Unsolved-crime Web site profiles nine cases in Miss.


Unsolved-crime Web site profiles nine cases in Miss.

Advocate, The (Baton Rouge, LA) - July 19, 2005
Author: AP

Nine Mississippi victims are among those profiled on an international Web site that aims to produce clues in unsolved crime cases.

The Doe Network , a Web site that profiles 840 people, allows volunteers to help law enforcement identify the nameless victims.

The network's 400-plus volunteers include forensic artists who draw sketches of the victims or use forensic reconstruction to show what a victim probably looked like.

"We want these people to have their names back and their families to know what happened to them," said Ellen Leach of Gulfport, state director of The Doe Network .

Leach spends a couple of hours a day searching the Internet and making phone calls to help solve the mysteries.

The Doe Network has solved 22 cases and helped solve at least eight others since 1999. Leach said she solved one of the cases and assisted in another confirmed by DNA evidence.

"It's a good feeling to know you've helped families get the answers they need," Leach said.

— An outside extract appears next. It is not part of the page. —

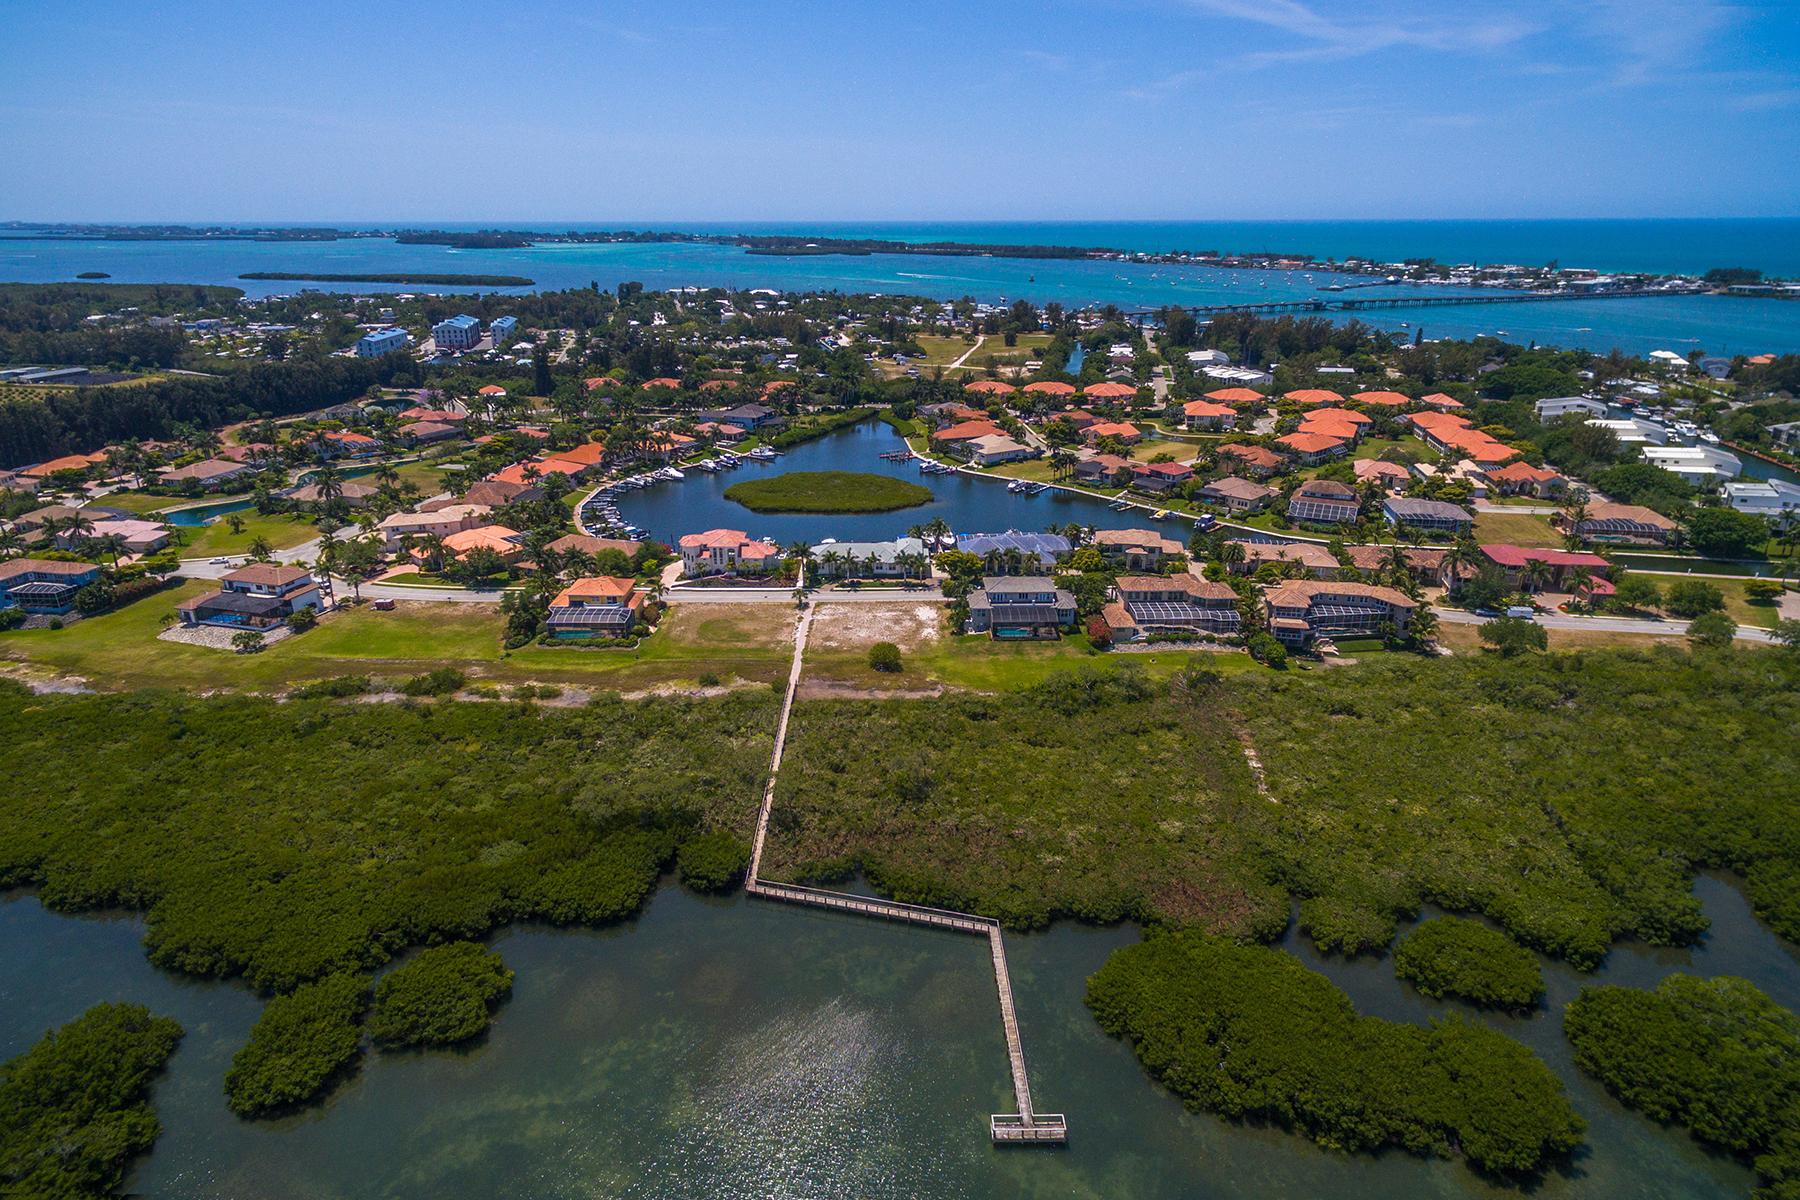 Land for Sale at HARBOUR LANDINGS ESTATES 12421 Baypointe Terr 28, Cortez, Florida, 34215 United States

Investigators such as Jackson County Sheriff's Sgt. Ken McClenic say they reach out to every available resource to help identify victims.

One of McClenic's investigations, a capital murder case from 2001, is listed on The Doe Network . The male victim's body was found wrapped in carpet on Old Stage Road. The suspect, Steven Leon Andrews, remains in custody without bond, awaiting prosecution.

"I've been doing this about 20 years and this is the first time I've put somebody behind bars in a murder case involving a victim without a name," McClenic said. "It's aggravating. It's frustrating."

The man's fingerprints have not been found in national fingerprint databases. But one of his tattoos, a peacock or a phoenix, is a symbol commonly associated with Columbian cocaine traffickers, McClenic said.